After a few hiring cycles and given natural turnover rates, with healthier employees referring relatively healthy people in their social groups to work with you, imagine the effect of a self-selected group of relatively healthy individuals, with relatively low health care utilization rates (except for those pesky motorcycle racers and helicopter skiers!)

Changing your employer brand.

To this end, implementing a quality wellness program that’s tailored and relevant for your own unique workforce is a great start. But what do prospective employees see when they look your company up on social media?

This is something you can control. For example,

  • Organize outdoor events, and participate in charity walks. Get your photographers there and get your photos up on your company Facebook and Instagram pages. Add them to the “careers” section on your website and in all your advertising.
  • If you have on-site fitness resources or activities, say so – and photograph your people engaging in these as well.
  • List your wellness benefits along with your health insurance and retirement benefits on your ‘careers’ page.
  • Put photos of diverse active and fit employees on every page of your site. Market yourself to healthy people, or at least people who aspire to health.

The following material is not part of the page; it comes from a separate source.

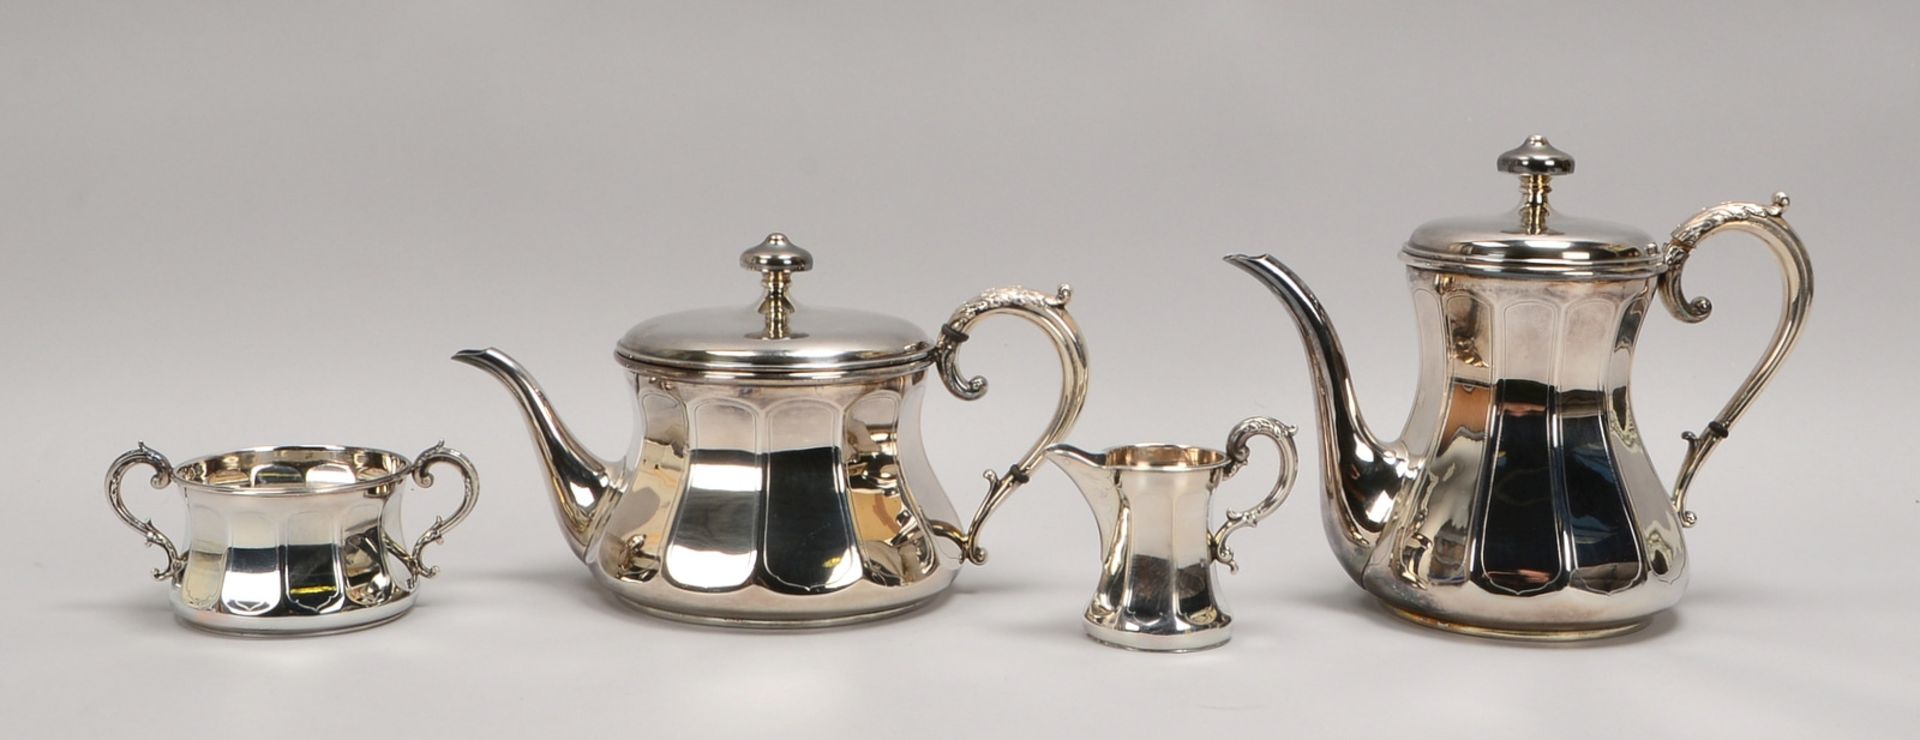 Kaffee-/Teekern, 830/800 Silber: Kaffee- und Teekanne, Zucker und Sahne; Gew. 1.975 g

The difference: Establishing regard for fitness and well-being as part of your culture, and broadcasting that through managing your employer brand helps ensure you’re bringing in the right kind of people to your hiring office: Ones who fit in with your corporate culture, who’ve already been pre-screened and recommended by employees who understand your corporate culture and who have referred them, and who are less likely to job hop when someone comes along offering them a little more money.